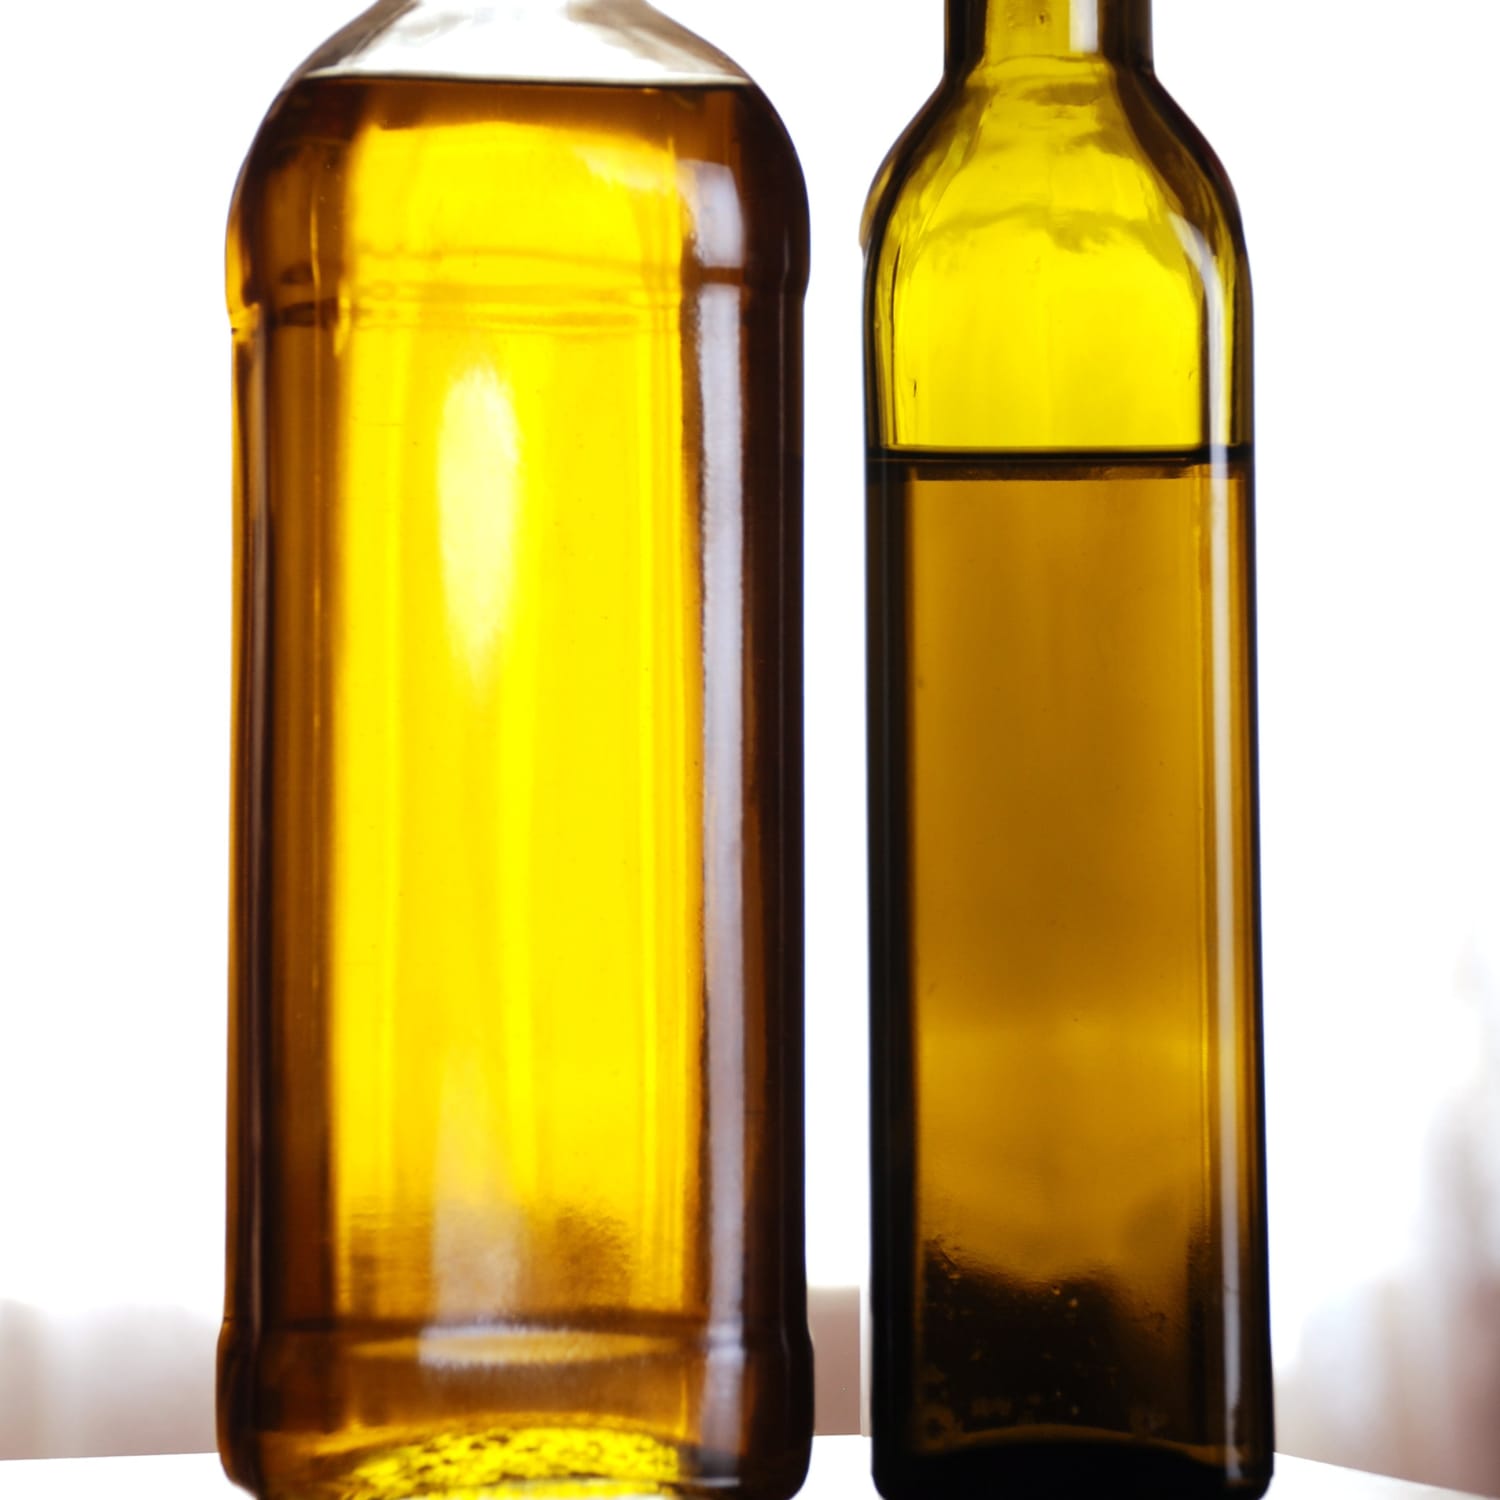 Let's All Agree That Olive Oil Belongs in a Squeeze Bottle
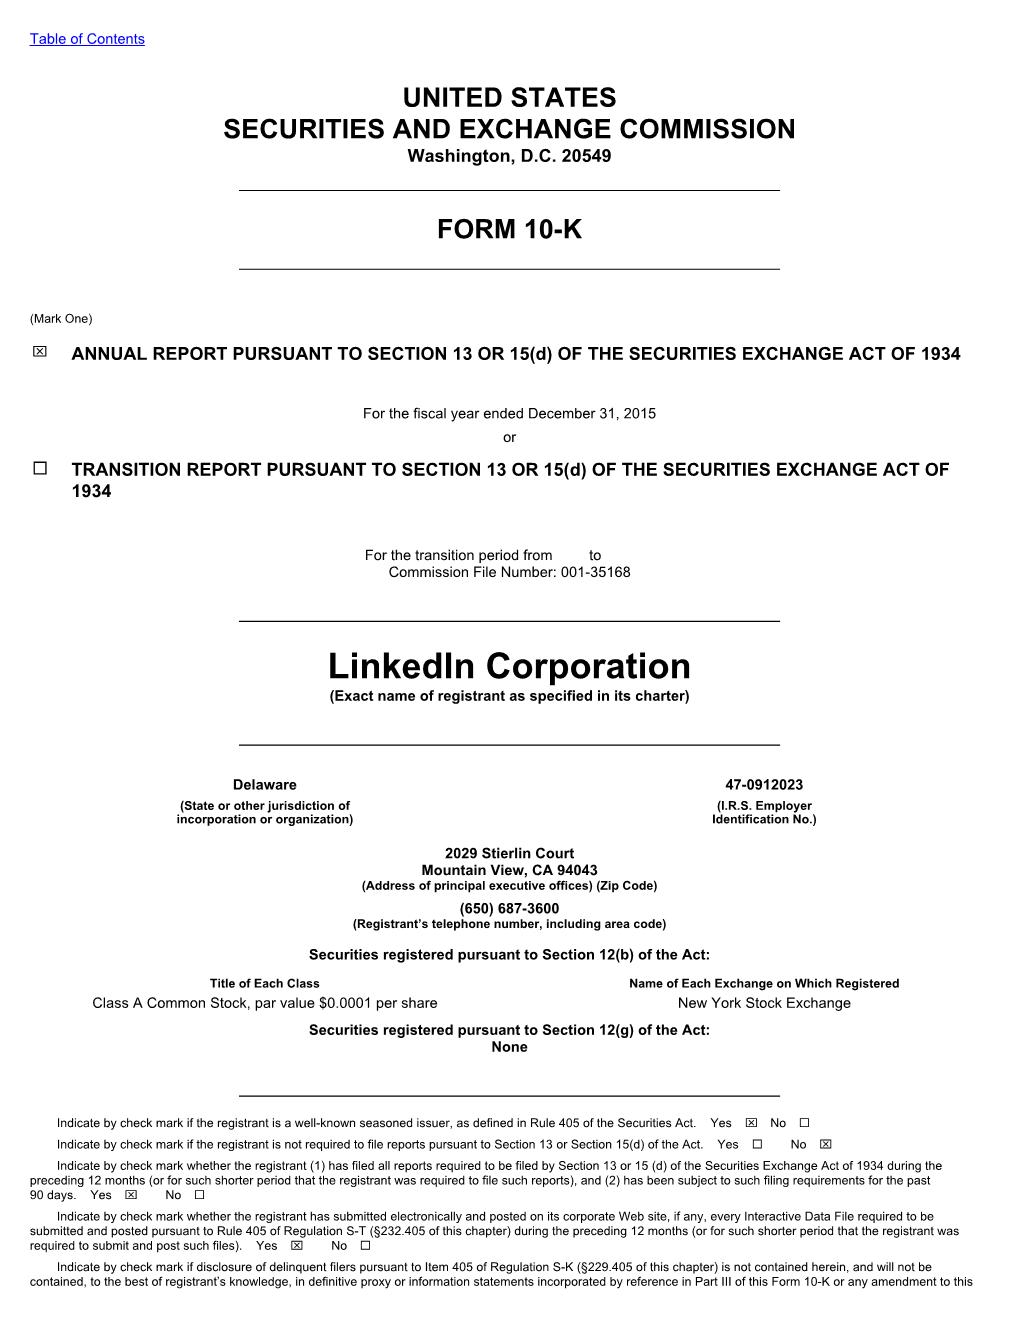 Linkedin Corporation (Exact Name of Registrant As Specified in Its Charter)
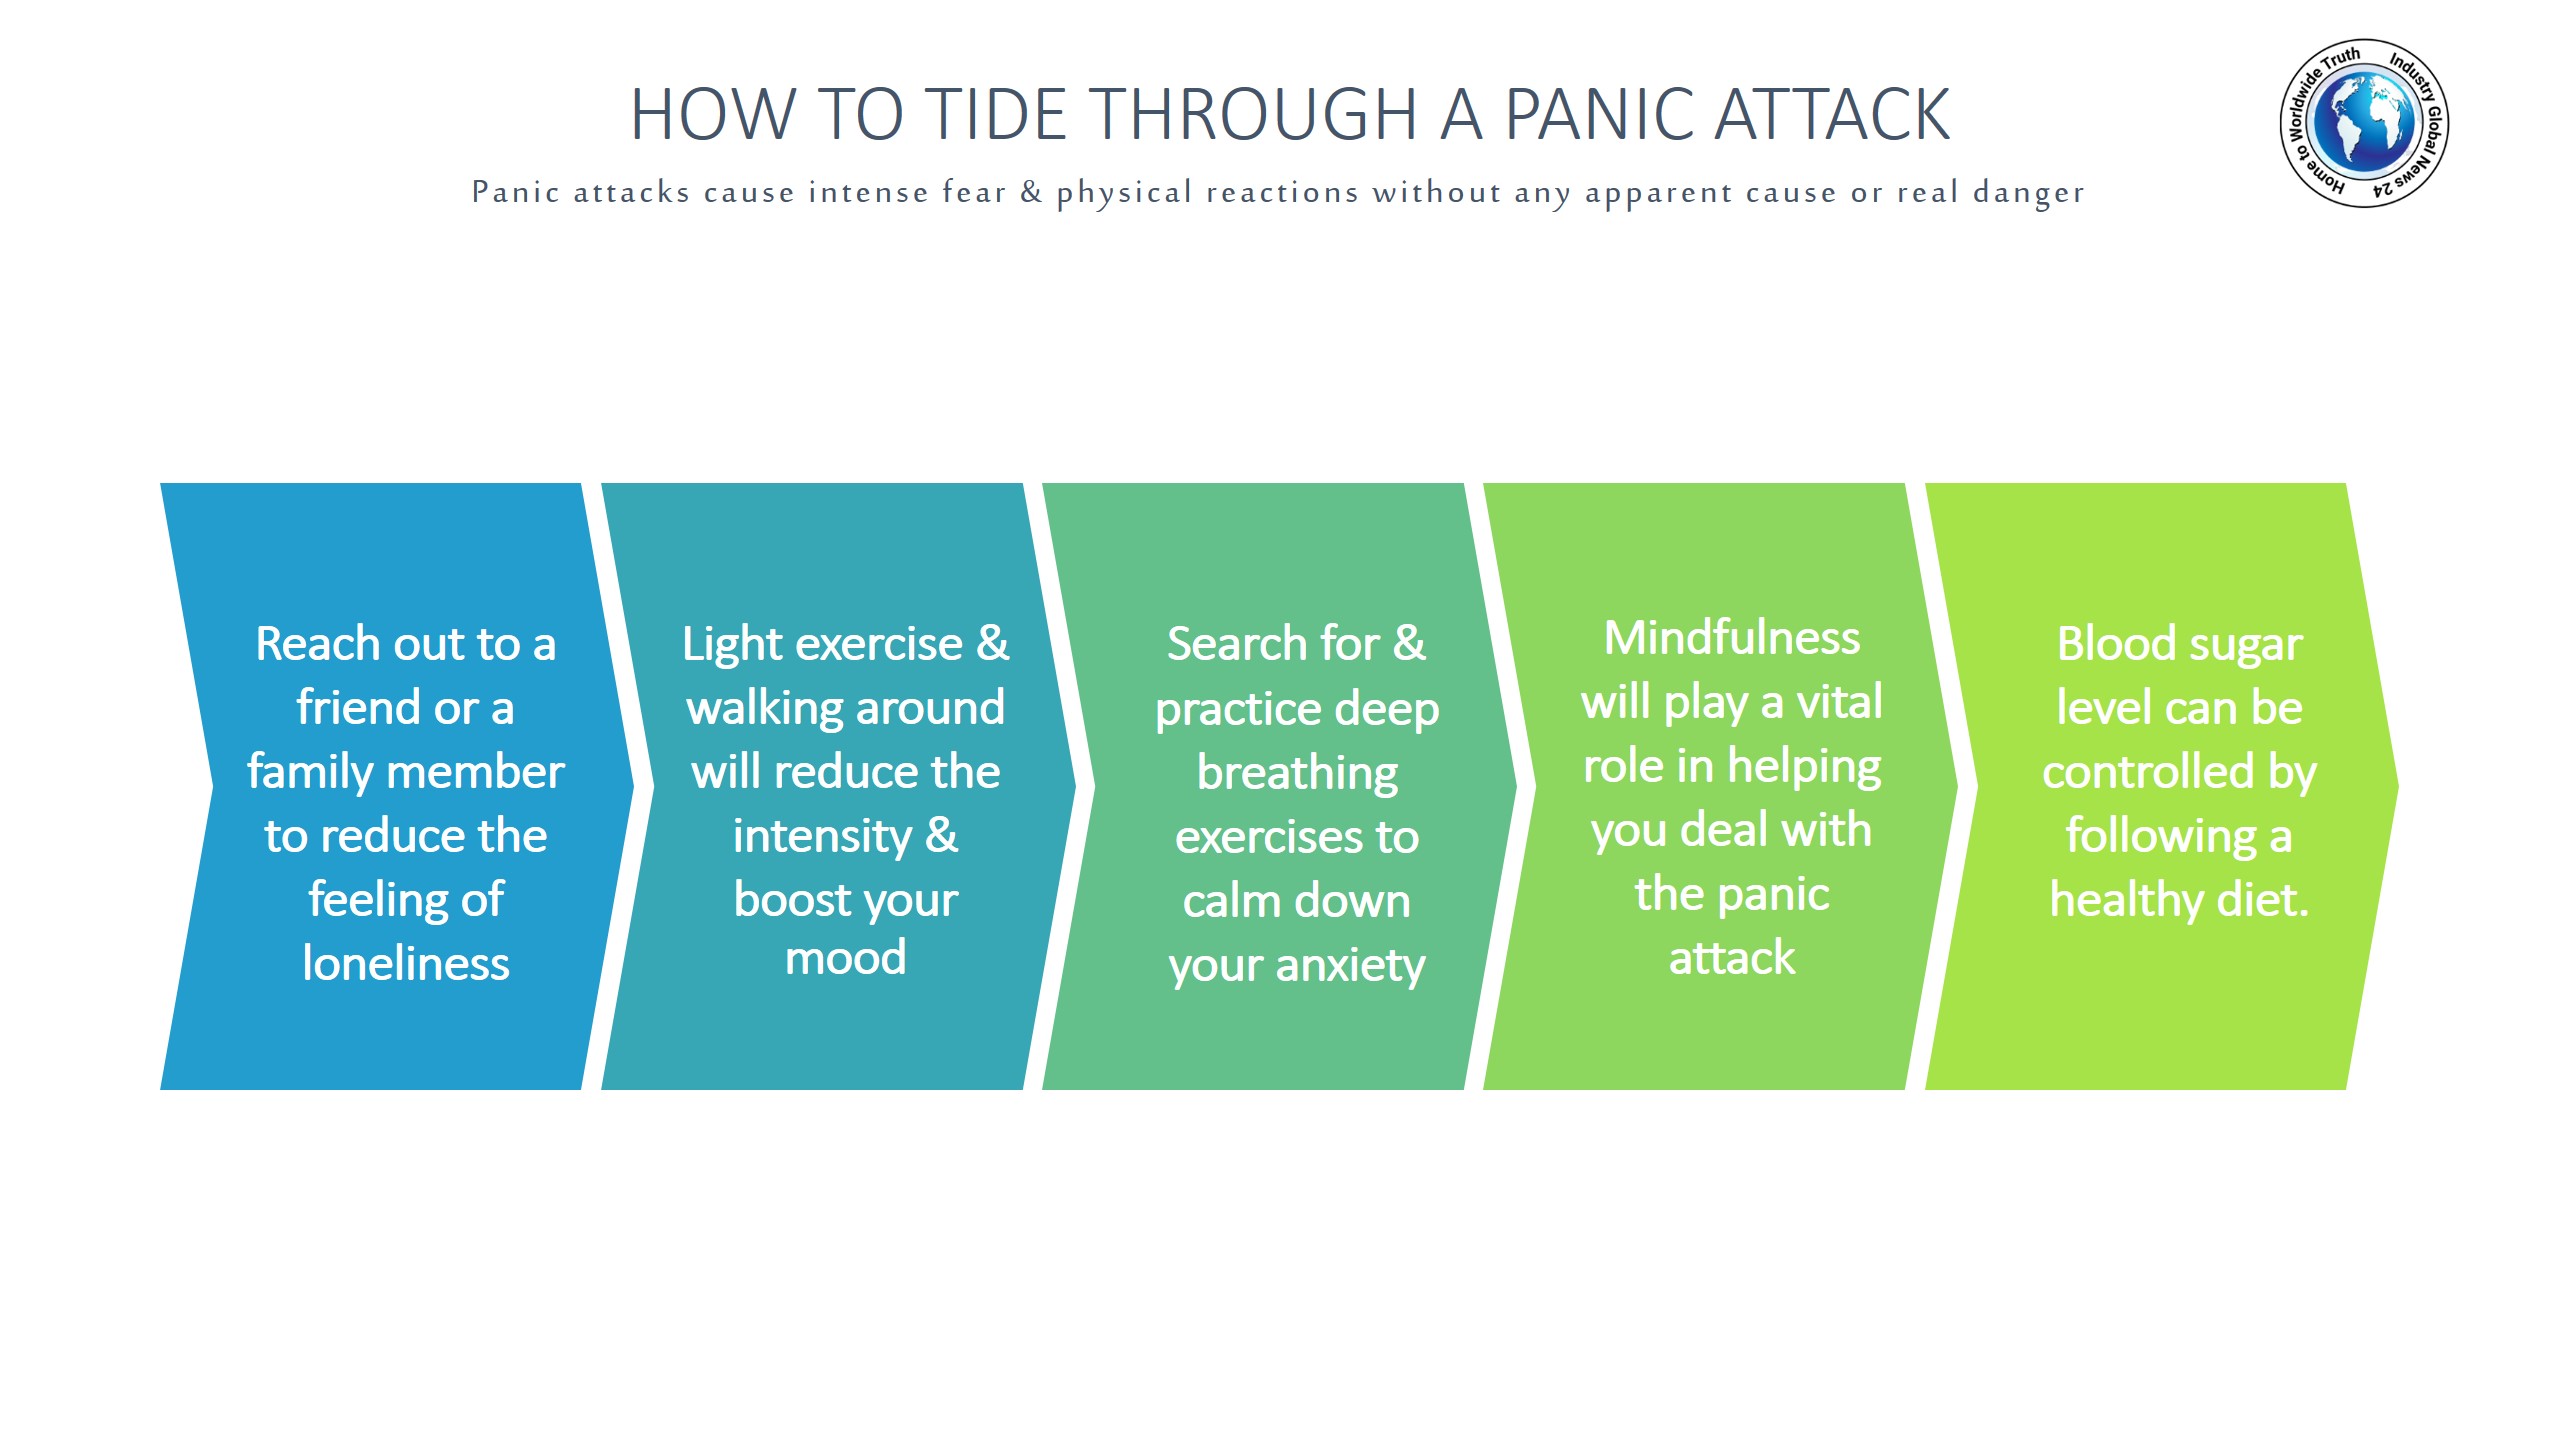 How to tide through a panic attack

PROBLEM REQUIREMENTS: Go through the listing above and retype it exactly, skipping every picture.

ANSWER BELOW:
 Let's All Agree That Olive Oil Belongs in a Squeeze Bottle
 Linkedin Corporation (Exact Name of Registrant As Specified in Its Charter)
 How to tide through a panic attack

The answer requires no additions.